On 8/4/06, Matthew Holt <mh...@redhat.com> wrote:
> Last email regarding this script. I found a bug in it that is sporadic
> (i think it only affected different setups). However, since it would be
> a problem sometimes, I refactored the script. I'd suggest you redownload
> the script if you are using it.
>
> Matt
>
> Matthew Holt wrote:
> > I'm currently pretty busy at work. If I have I'll do it later.
> >
> > The version 0.8 recrawl script has a working version online now. I
> > temporarily modified it on the website yesterday when I ran into some
> > problems, but I further tested it and the actual working code is
> > modified now. So if you got it off the web site any time yesterday, I
> > would redownload the script.
> >
> > Matt
> >
> > Lourival Júnior wrote:
> >> Hi Matthew!
> >>
> >> Could you update the script to the version 0.7.2 with the same
> >> functionalities? I write a scritp that do this, but it don't work very
> >> well...
> >>
> >> Regards!
> >>
> >> On 8/2/06, Matthew Holt <mh...@redhat.com> wrote:
> >>>
> >>> Just letting everyone know that I updated the recrawl script on the
> >>> Wiki.
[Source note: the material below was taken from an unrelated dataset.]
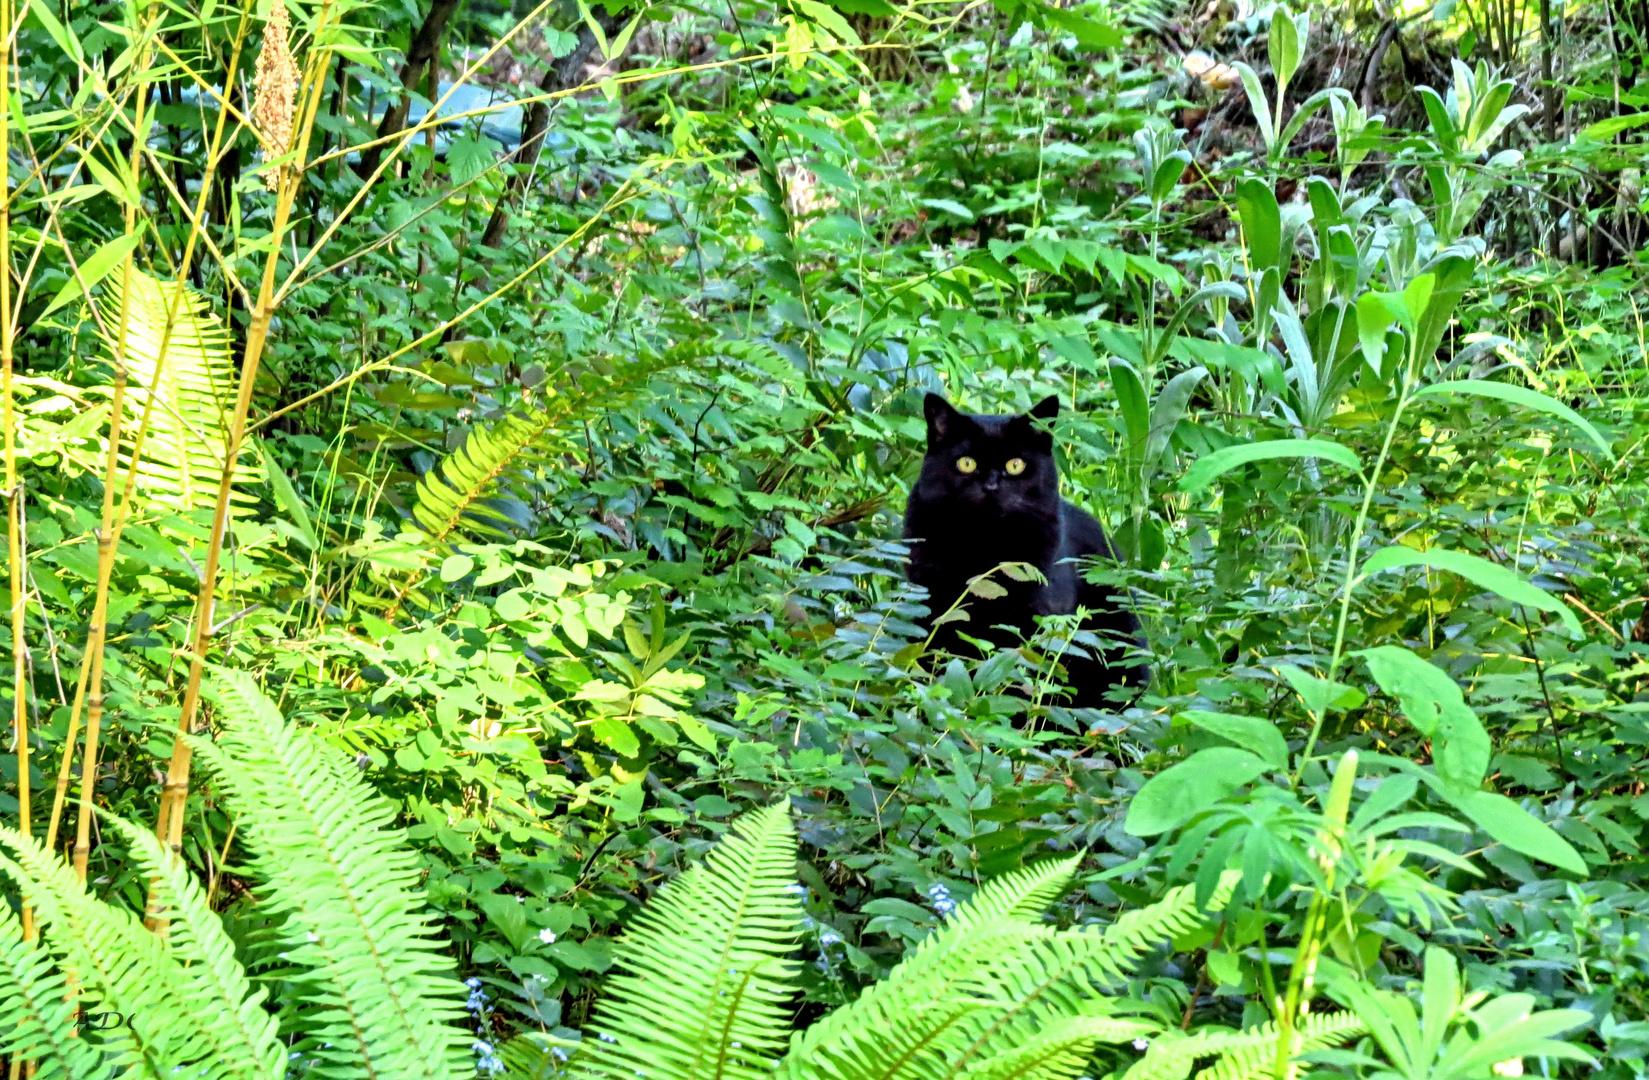 Jungle-Kitty

It now merges the created segments them deletes the old segs to
> >>> prevent a lot of unneeded data remaining/growing on the hard drive.
> >>>   Matt
> >>>
> >>>
> >>> http://wiki.apache.org/nutch/IntranetRecrawl?action=show#head-e58e25a0b9530bb6fcdfb282fd27a207fc0aff03
> >>>
> >>>
> >>
> >>
> >>
> >
>

Re: 0.8 Recrawl script updated

Posted by Matthew Holt <mh...@redhat.com>.
Last email regarding this script. I found a bug in it that is sporadic 
(i think it only affected different setups). However, since it would be 
a problem sometimes, I refactored the script. I'd suggest you redownload 
the script if you are using it.

Matt

Matthew Holt wrote:
> I'm currently pretty busy at work. If I have I'll do it later.
>
> The version 0.8 recrawl script has a working version online now. I 
> temporarily modified it on the website yesterday when I ran into some 
> problems, but I further tested it and the actual working code is 
> modified now. So if you got it off the web site any time yesterday, I 
> would redownload the script.
>
> Matt
>
> Lourival Júnior wrote:
>> Hi Matthew!
>>
>> Could you update the script to the version 0.7.2 with the same
>> functionalities? I write a scritp that do this, but it don't work very
>> well...
>>
>> Regards!
>>
>> On 8/2/06, Matthew Holt <mh...@redhat.com> wrote:
>>>
>>> Just letting everyone know that I updated the recrawl script on the
>>> Wiki. It now merges the created segments them deletes the old segs to
>>> prevent a lot of unneeded data remaining/growing on the hard drive.
>>>   Matt
>>>
>>>
>>> http://wiki.apache.org/nutch/IntranetRecrawl?action=show#head-e58e25a0b9530bb6fcdfb282fd27a207fc0aff03 
>>>
>>>
>>
>>
>>
>

Re: 0.8 Recrawl script updated

Posted by Matthew Holt <mh...@redhat.com>.
I'm currently pretty busy at work. If I have I'll do it later.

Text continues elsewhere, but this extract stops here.